Who can resist a biography of a favourite author written by another favourite author

Who can resist a biography of a favorite author written by another favorite author

I was going to indulge in more cakey goodness today but realized I could not let this week’s celebration of Charlotte Bronte and her sisters go by without comment.  So instead of writing about revolutions in  home cake production I write about Charlotte, Anne and Emily.

Books are like friends. That is an indisputable fact, no? Sometimes though an acquaintance takes time to develop before it blooms into devoted enduring friendship. So it was with me and the Bronte’s.

I first bumped into the Bronte’s in a way as unobtrusive, as diminutive as Charlotte herself.

How does a Victorian obsessed 1880’s girl get to the ripe old age of 14 without knowing who the Bronte’s are?

I don’t know.

My only excuse is my late acquisition of competent reading skills due to dyslexia and my mother’s prejudice against big books, she is more of a  Reader’s Digest Condensed person than a Charles Dickens person.

That being said Mom’s favorite Bronte is Emily. The impression Wuthering Heights made on her at 13 never left her. She told me it was the most romantic book she ever read and it remains her favorite.

I did not read Wuthering Heights until my late teens and while I loved the writing I did not like Catherine and detested Heathcliff. I don’t know about you but it is pretty hard to root for a character you don’t like. However I do love her use of language and like so many others find her personally fascinating.

But Emily was not the first Bronte I met. My first acquaintance was with Anne. I bumped into her quite by chance when I picked Agnes Grey up somewhere. I read it. I enjoyed it but it did not send me flying to the card catalog looking for more. I had no inclining she was part of a famous threesome. 

In fact I forgot all about the book until some years later I decided to read all the books by all the Bronte’s and found Agnes Grey earily familiar, like I had been there before, and low and behold I had.

Some time after Agnes Grey I picked up The Proffesser at a second hand book store, a small hardback edition in faded blue with black embossed letters. When I went to take today’s shelfie I was surprised to find it has been replaced by a paper back edition. The whereabouts of the original remains a mystery.  I liked  the Proffesser and the name of Bronte rang a distant bell. But only Distantly.

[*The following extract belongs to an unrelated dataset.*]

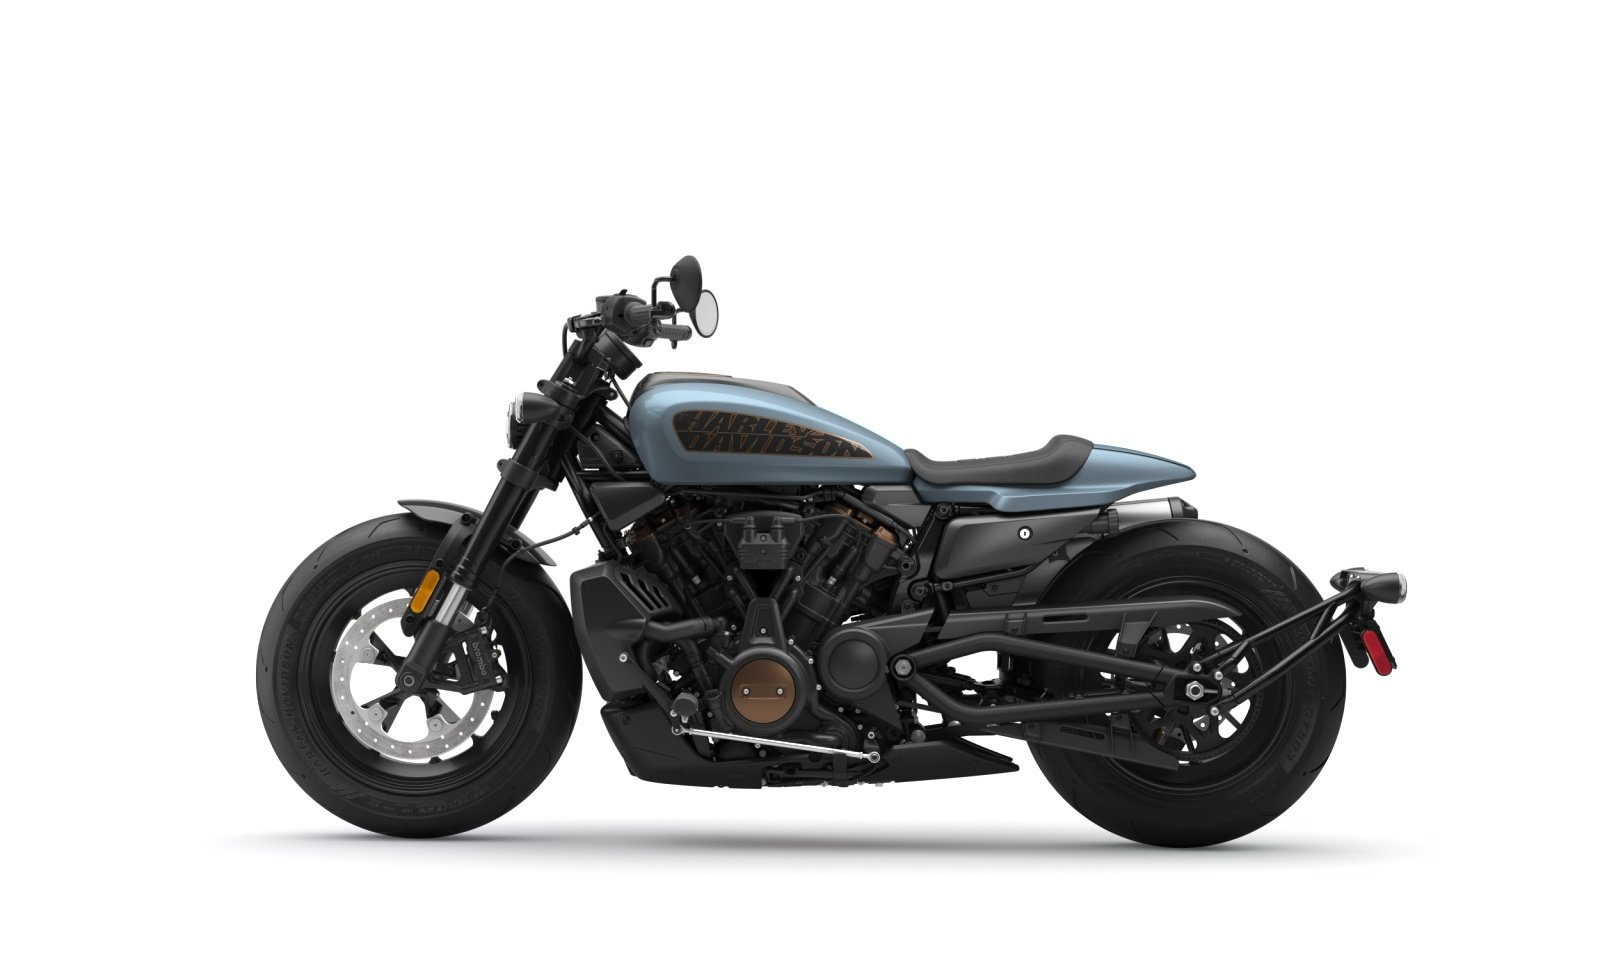 https://www.harley-davidson.com/content/dam/h-d/images/product-images/bikes/motorcycle/2024/2024-sportster-s/2024-sportster-s-m10b/360/2024-sportster-s-m10b-motorcycle-09.jpg?impolicy=myresize&rw=1600

Then sometime during my fascination with Charles Dickens in 7th grade I began looking for other authors of the Victorian age and discovered THE Bronte’s.  And what a discovery!

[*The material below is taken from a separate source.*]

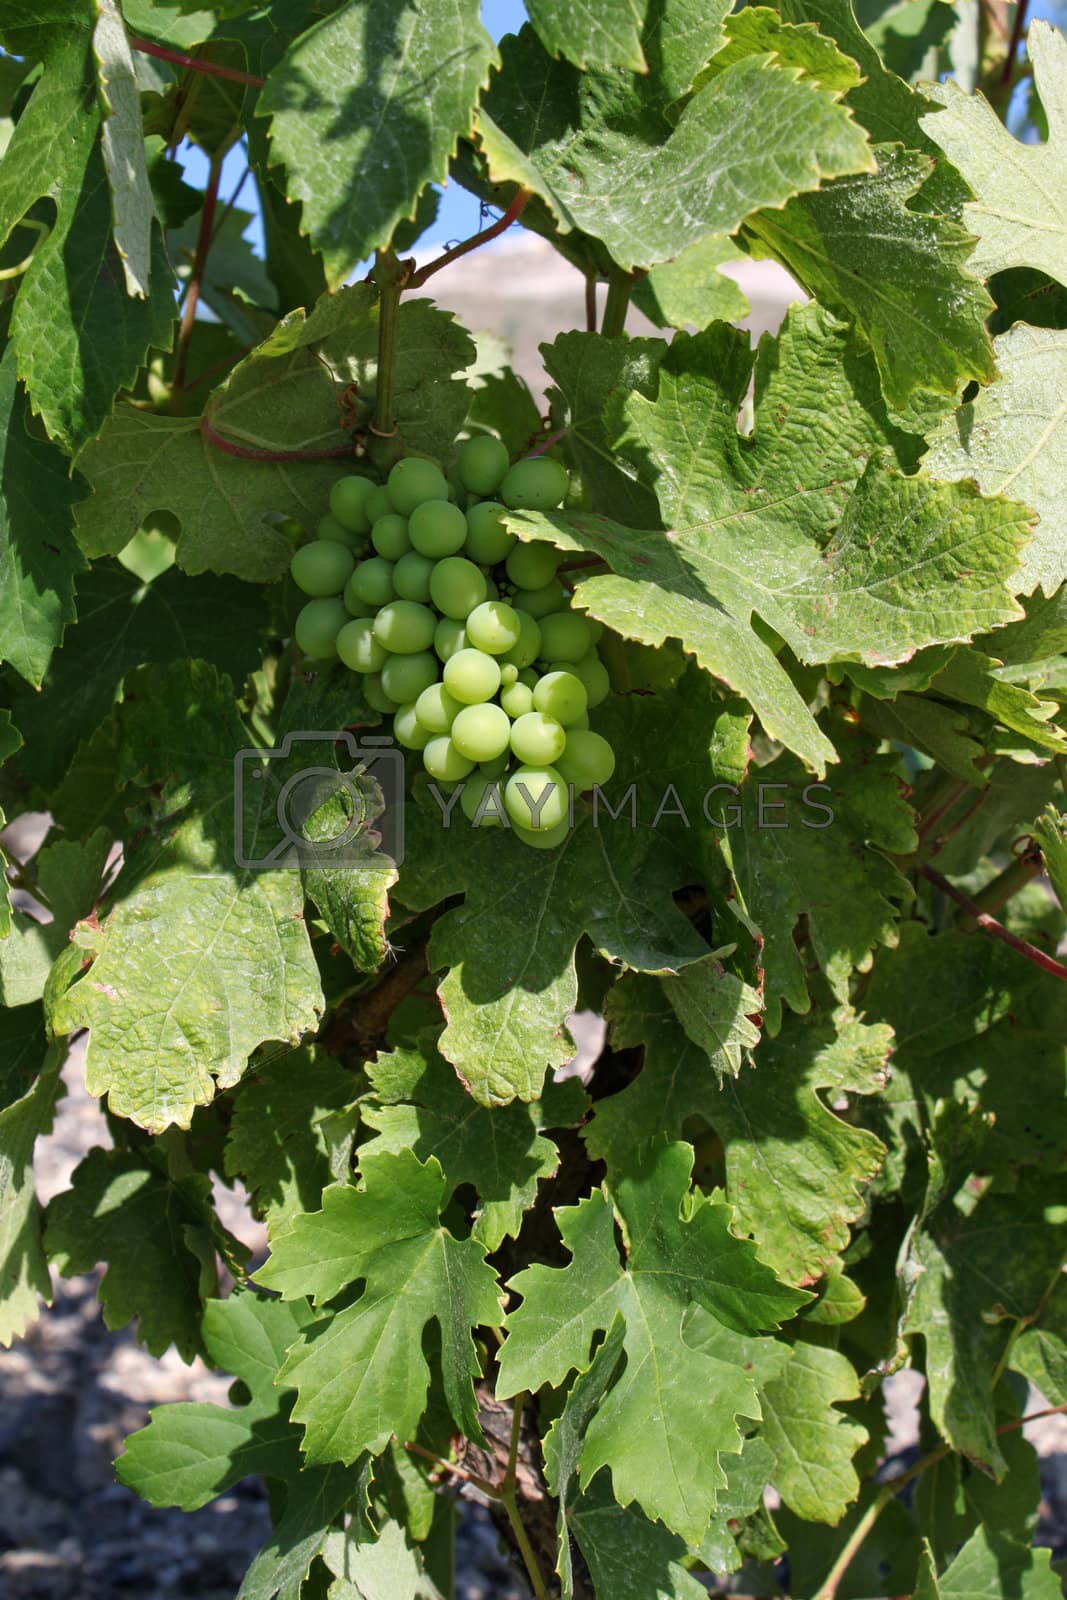 Royalty free image of Fresh green wine grapes by anterovium

I was not an immediate fan, indeed on first reading Jane Eyre at 14 I found it heavy going, especially the paragraphs of untranslated French.  But I enjoyed it enough to seek out Villette. It was Villette that hooked me. There was something in Lucy that resonated with me. I identified with her, championed her and rejoiced in her triumphs. I really wished I could learn German the way she learnt French.

I could not understand why Villette was not more popular than Jane Eyre and said so to anyone who would listen.

I’ve decided Jane Eyre is one of those books you must grow into. With each re-reading I gained greater understanding of the forces at play and so the story took on  greater meaning. Now every few years I go through a great craving for Jane Eyre and binge watch all available movie versions while re-reading it.  I have read it at least six times, in fact I think I might feel a binge coming on.

So from a series of inauspicious accidental meetings I grew to love the Bronte’s and count them among my closest literary friends as do thousands of others.

How’d you meet the Bronte’s? Do you have a favorite?